El francés Démare supera en el sprint a Ewan y Cavendish y repite victoria en la sexta etapa del Giro de Italia
El ciclista lebrijano Juanpe López sigue de rosa después de la etapa más lenta y premiosa de la carrera italiana por la costa de Calabria
Al guiar un descapotable por las largas rectas de Calabria junto al mar, el periodista del Giro quiere ser el Pasolini de la larga carretera de arena, el relato sucio de amor por los bandidos de un viaje bordeando todos los mares de Italia, y fracasa.
Se siente impostor. Tan italiano como Mark Cavendish, inglés de Man que liga en Lambretta, bebe Campari en las terrazas de Toscana, busca atajos y no gana siempre. Tan impostor, pero en feo, como la costa por la que desfila el pelotón, una estrecha línea de asfalto entre las playas de guijarros grises y los bosques verdes, salvajes, las casas bizantinas de piedra, los hoteles de cartón y hormigón, las playas privadas. Y pasa por Mileto, donde no nació Tales, y al final de una recta de 20 kilómetros, la línea del horizonte inalcanzable, esprinta en Scalea, la capital de la Costa de los Cedros, donde no hay coníferas majestuosas con hermosas piñas, sino pequeños arbustos con cidras, la madre de los cítricos.
Acelera Cavendish, la lengua rozando la rueda, le remonta Ewan, uno más pequeño que él aún, pero, cuando ya se cree ganador, al australiano de equipo belga, qué poco italiano, le supera la bici sobre la línea de meta de un francés de Picardía, ojos de un azul que hiere, vestido de color ciclamen al que ha lanzado Guarnieri, un gigante de Milán. ¿Hay algo más falsamente italiano que Arnaud Démare ganando su segunda etapa consecutiva al puro estilo Cipollini, por milímetros?
Diego Rosa abre el camino. Solo, unos minutos delante del pelotón que le castiga por su osadía y le niega su cobijo. Rosa, pequeñito, escalador librado a su suerte entre playas y montañas el día más llano, viste de azul. De rosa viste, orgulloso, imperial casi al frente, el líder, Juanpe López, escalador, pequeñito, de Lebrija, y en la carretera se mezclan los olores del campo, de los purines, de las almazaras, y los huertos de tomates gigantes, las higueras de higos blancos, las cebollas rojas, y los del mar, donde los pescadores cazan peces espada.

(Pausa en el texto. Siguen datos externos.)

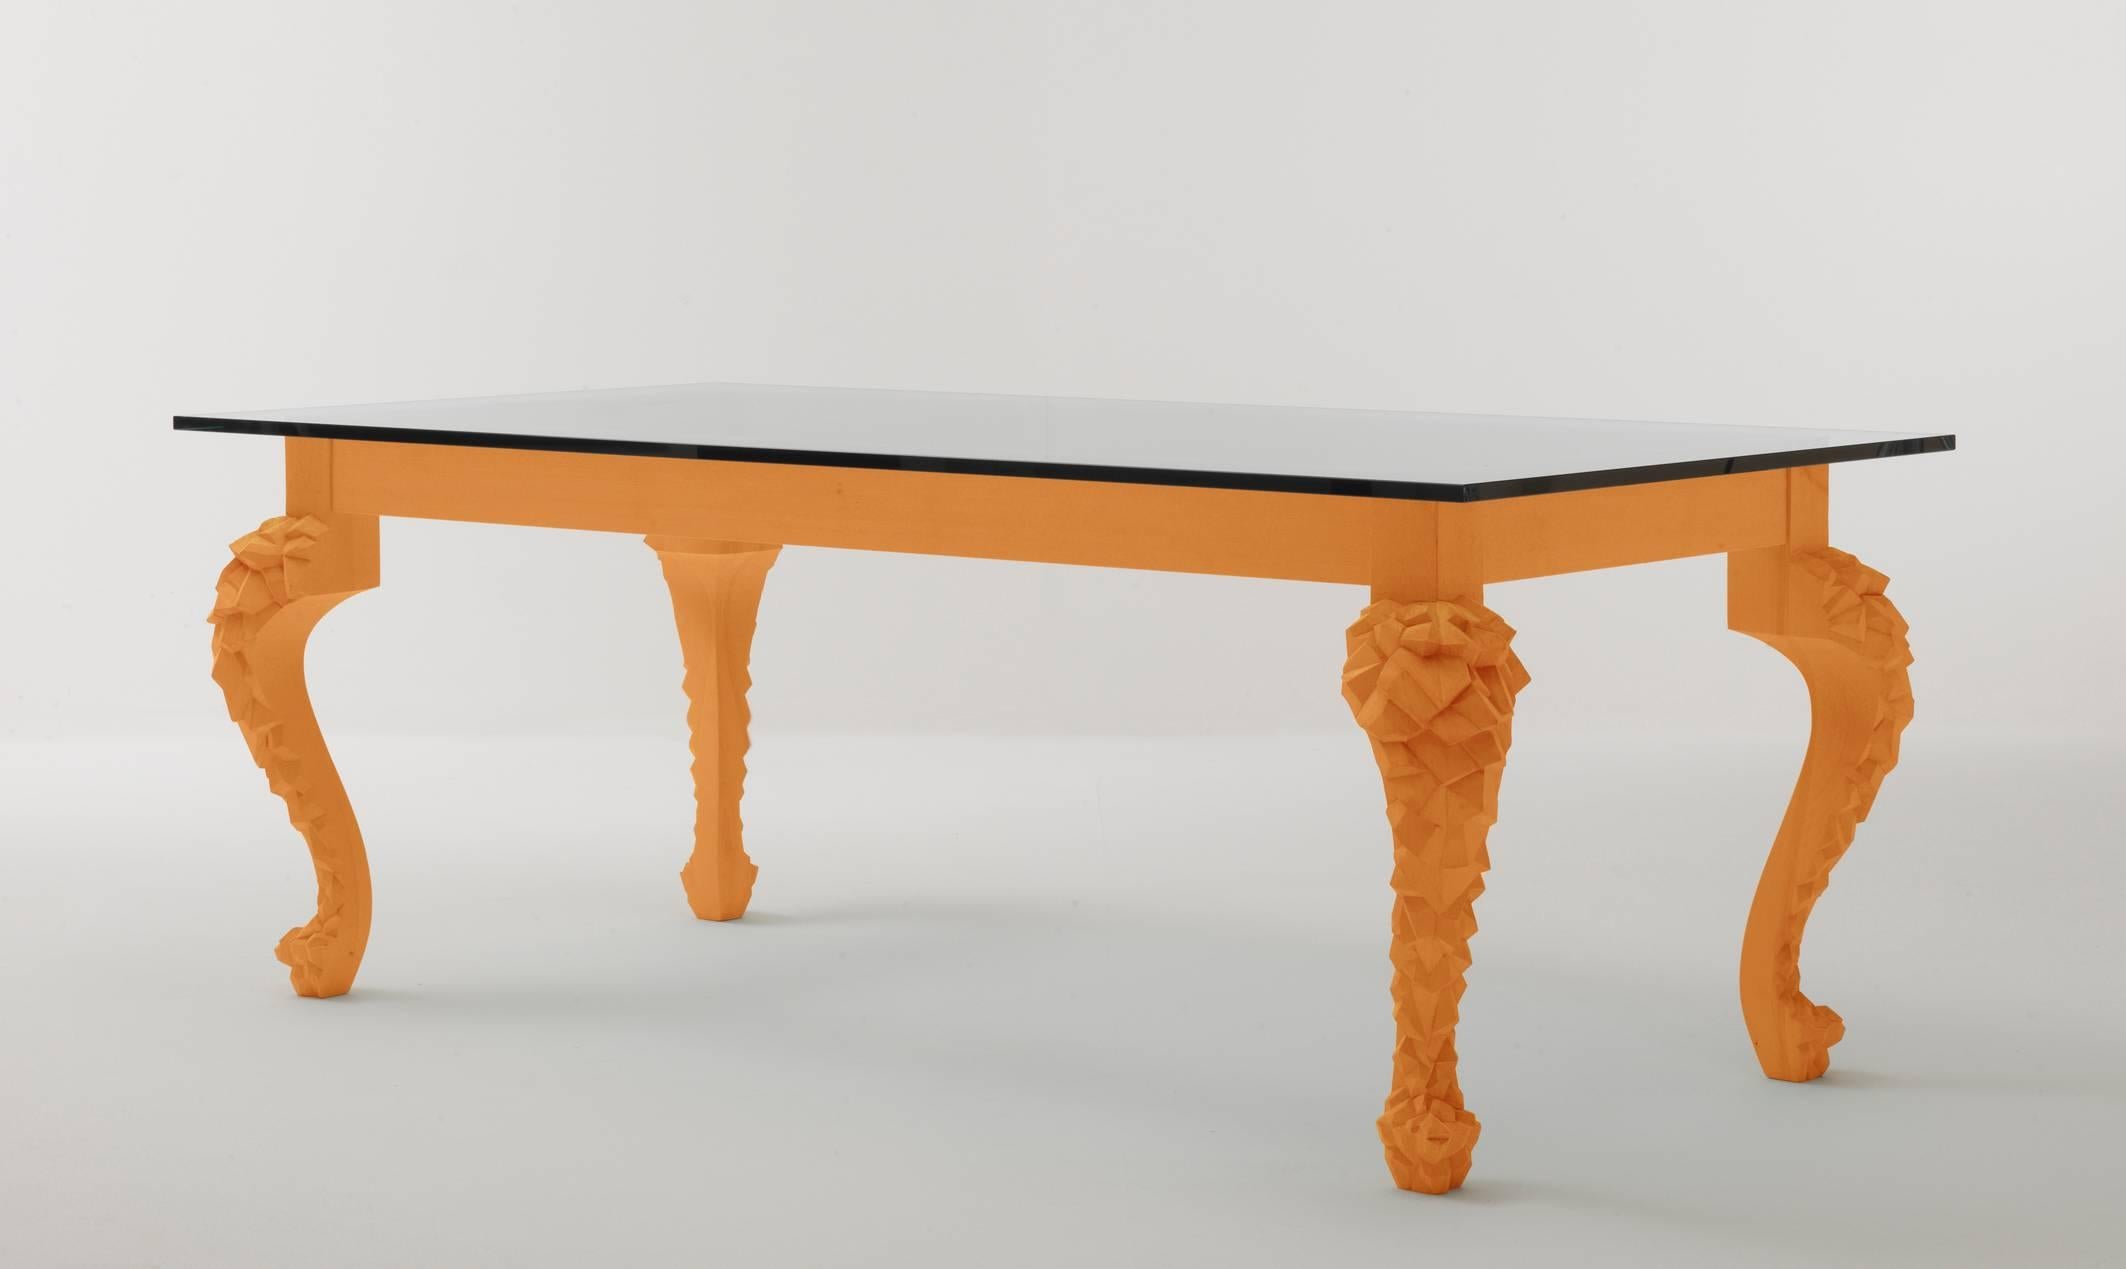 A double take on the table with a traditional cabriole leg. The Crusty table has a very special leg that has been processed digitally; Coates adjusted a scan of an original leg from Fratelli Boffi’s archive, and by adjusting the settings, came up
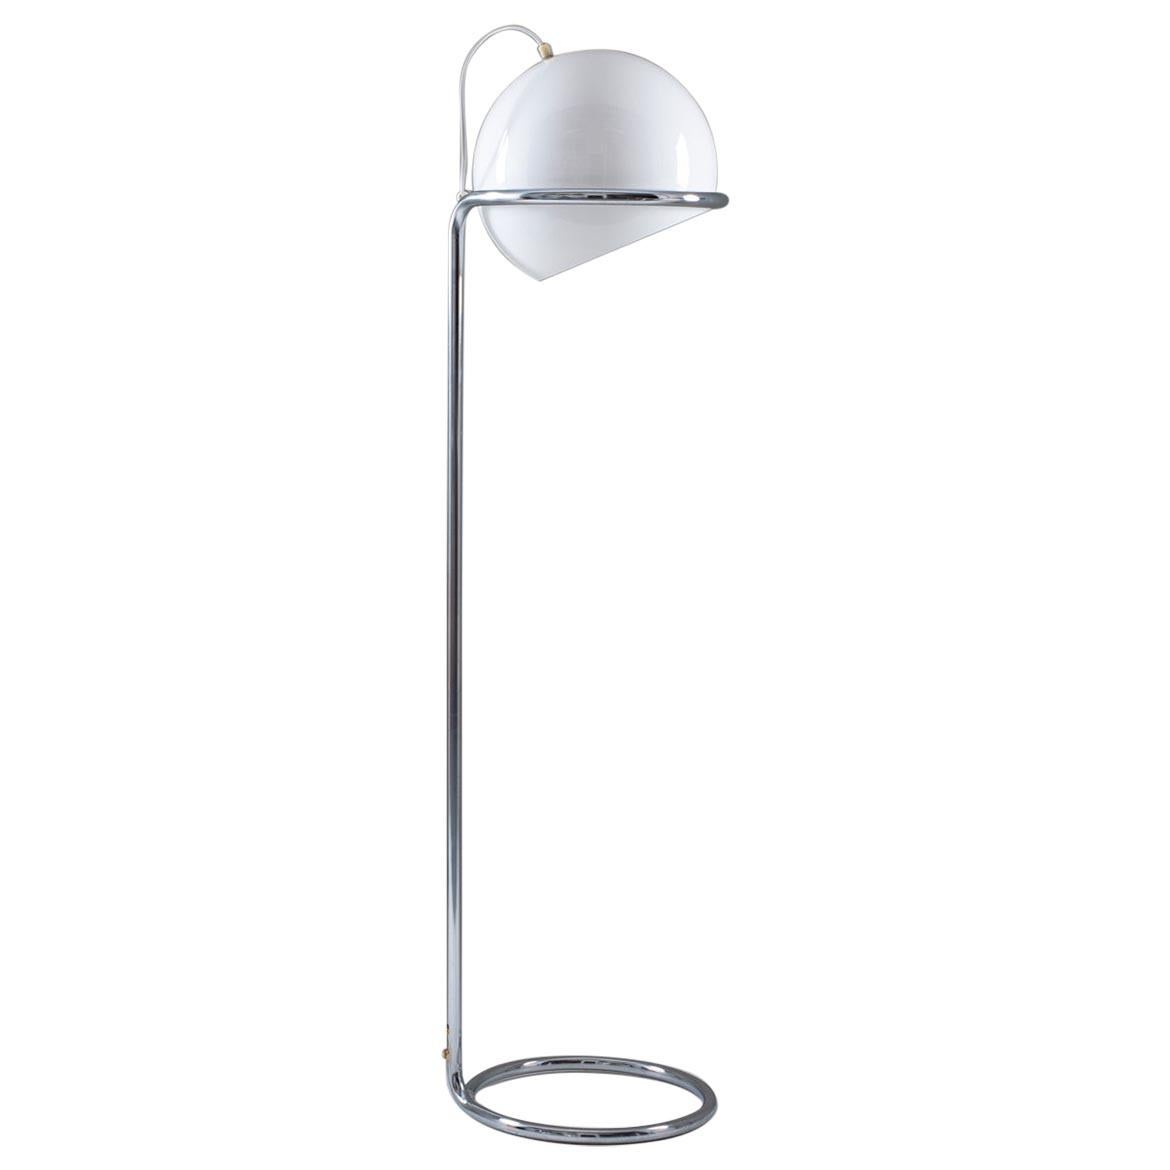 Scandinavian Midcentury Floor Lamp in Chrome and Acrylic by Bergboms

Y al igual que el rosa hace al líder, el rojo hace al Ferrari, símbolo de la impostura italiana. Se crea la imagen. Y el ruido. Hace 40 años los macarras ponían la bocina de un camión a un 600 y daban sustos de muerte a las viejecitas en las calles estrechas. Hace unos días los de Ferrari sacaron un coche con un motor de seis cilindros solo. Y cuentan sus ingenieros que su mayor preocupación, la faena en la que más horas de trabajo y talento han invertido en colaboración con musicólogos y músicos, ha sido la del diseño de un tubo de escape que emitiera un sonido Ferrari puro, que convirtiera los seis en 12 cilindros, que siguiera sonando la sinfonía Ferrari cuando el que lo guiaba apretara el pedal fuerte y los caballos aullaran.
Cuando era más joven, cuando en el Sky no era él la única preocupación de sus jefes, cuando el ciclismo tenía un poco más de impostura, Cavendish solo pedía a su equipo que en las etapas más o menos complicadas le dejaran siempre un coche a mano para poder remolcarse en algún repecho insidioso o aprovechar su rebufo para volver a un pelotón que le quería despreciar. En el Quick Step, y el equipo belga en el Giro es él y sus circunstancias, no se queda el coche con él sino medio equipo, que le arropa, le remolca, le protege, y su Morkov, el cerebro danés que tan bien pedalea, a su lado siempre, hasta para contarle chistes y lograr que no se desintegre en etapas de rectas y desarrollo interminable, premioso, etapas tan Giro como la que asciende por Calabria siguiendo su larga carretera de arena, termina supersónica en Scalea.
Y allí, pese a que todos los augurios le nombran, Cavendish choca con otro falso italiano, pero sigue viva la impostura que tan bien rima con su personalidad, baby, desde 14 años hace ya, la de un imberbe en escúter haciendo ruido por las calles de Quarrata.